The five-day buyer mission, organised by the Agricultural Competitveness Programme, aims to significantly strengthen, expand and advance relations between fresh produce buyers from Miami and New York and producers here in Jamaica.

Agriculture, Labour and Social Security Minister Derrick Kellier, who addressed the opening day of the mission at the Jamaica Pegasus Hotel in New Kingston on Tuesday, said there is a huge demand for the country's traditional and non-traditional produce in the US, which is largely unfilled.

"There are some 52 items on the pre-clearance list for the import of agricultural produce into the United States and we are currently only supplying less than a quarter of the items on the list," Kellier pointed out.

He said fresh produce such as yams, dasheens, sweet potatoes, peppers, pumpkins, herbs, spices and nutraceuticals have "serious potential for export".

"These have been the star performers of our export trade and we are just beginning to scratch the surface of the potential they hold," he noted.

Kellier, in welcoming the mission, said the interaction with the buyers/importers will improve the country's ability to increase exports to the US.

He said the visit of the fresh produce importers is a significant step in advancing trade relations between the countries, and to boost the country's exports, in order to reduce the food bill.

He noted that while food imports dropped by some 4.5 per cent or $5 billion in 2014, when compared to 2013, the bill still remains too high.

He said that the ministry, as part of the export push, has increased import substitution through the agro parks programme, and has expanded the export markets for traditional and non-traditional produce.
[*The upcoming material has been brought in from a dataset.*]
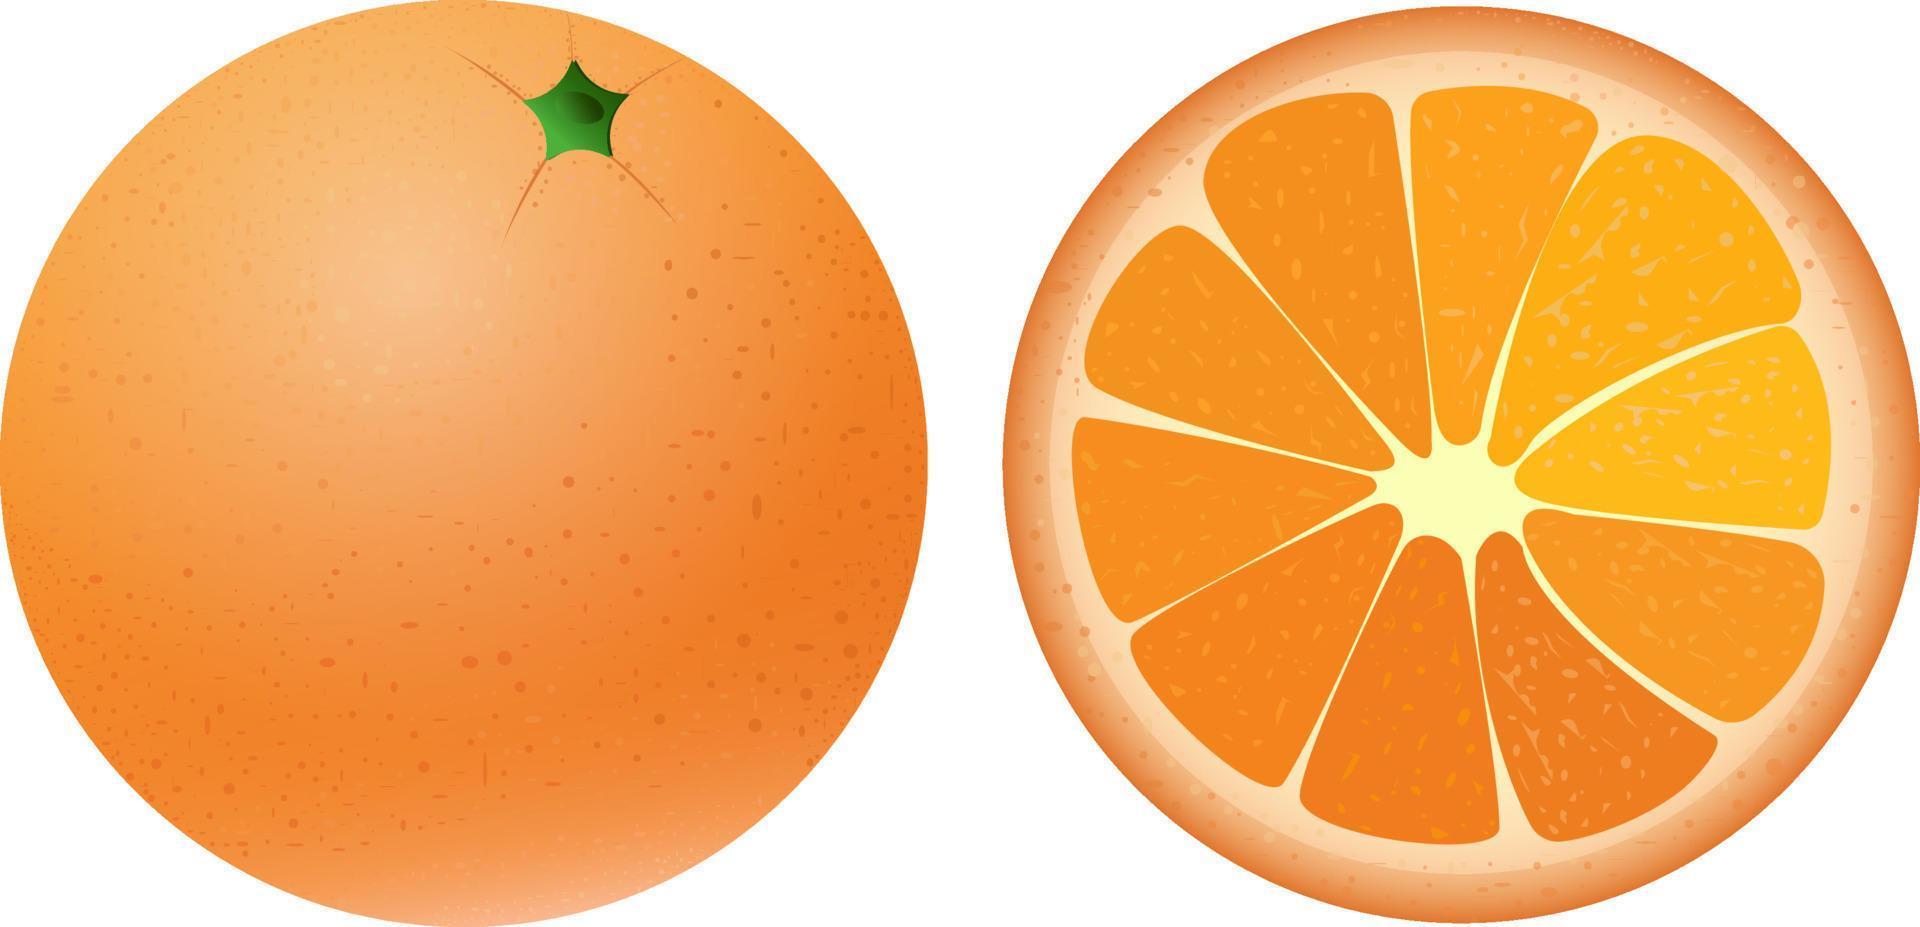 naranja jugosa brillante en toda la forma y en la sección. cítricos de verano, para zumo fresco. ilustración vectorial aislada en un fondo blanco. vector

"These deliberate strategies are aimed at achieving sustainability of the agricultural sector as an integral component of the Jamaican economy and to advance the development of a modern, efficient and internationally competitive agricultural sector," he said.

Kellier said the Agricultural Competitveness Programme is a critical part of the process by improving consistency of supply, increasing certification of produce and direct marketing relationships to enhance competitiveness of the country's produce.

The five-year programme, which got underway in 2010, is being funded by the Inter-American Bank (IDB) at a cost of $15 million.

It is designed to support the Government of Jamaica in restoring competitveness in the agricultural sector, through the implementation of activities aimed at promoting market access by small-and medium-sized farmers.

The three pillars of the programme are: increased production and productivity; improved food safety and global certification mechanisms; and establishment of a vibrant export platform.